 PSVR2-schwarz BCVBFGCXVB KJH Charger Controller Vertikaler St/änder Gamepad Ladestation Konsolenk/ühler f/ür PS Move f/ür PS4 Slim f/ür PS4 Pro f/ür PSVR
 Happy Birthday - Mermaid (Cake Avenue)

* * *

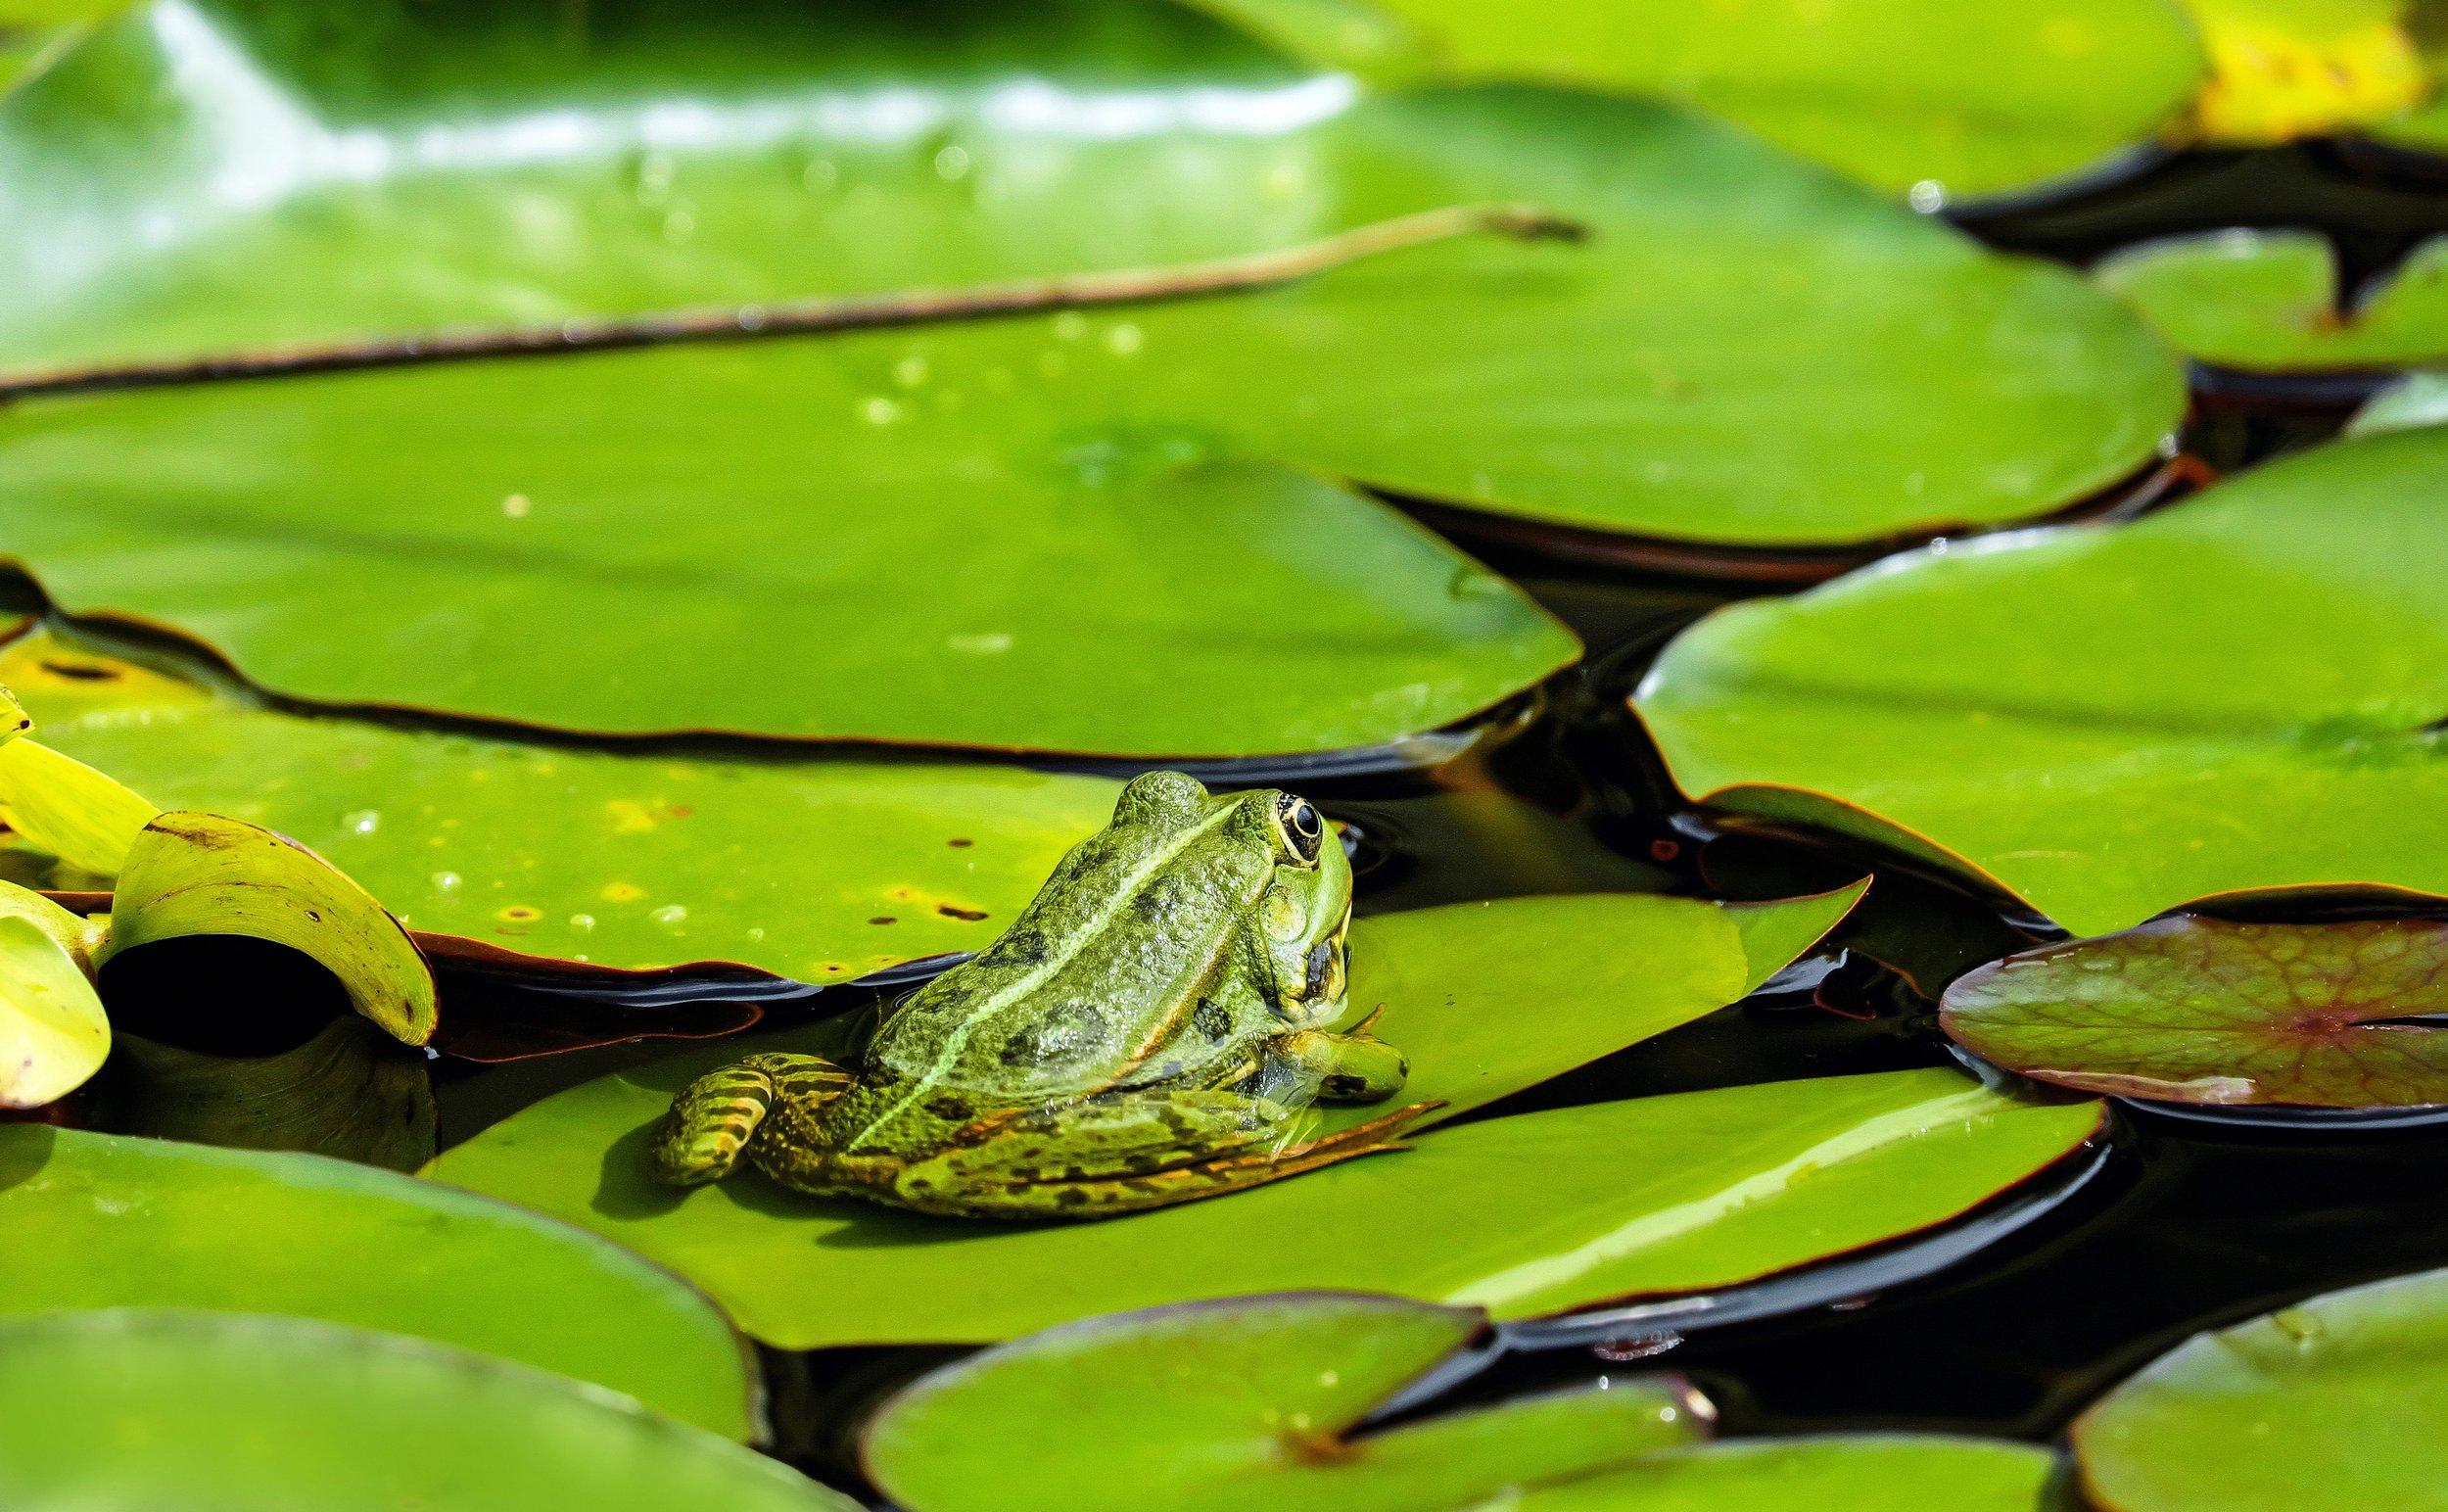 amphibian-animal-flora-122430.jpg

*What needs to be done:* Return, word for word, the lines of the data above from the line with "PSVR2-schwarz BCVBFGCXVB KJH" through the line with "Happy Birthday - Mermaid (Cake Avenue)", inclusive.

*Completed exercise:*
 PSVR2-schwarz BCVBFGCXVB KJH Charger Controller Vertikaler St/änder Gamepad Ladestation Konsolenk/ühler f/ür PS Move f/ür PS4 Slim f/ür PS4 Pro f/ür PSVR
 Happy Birthday - Mermaid (Cake Avenue)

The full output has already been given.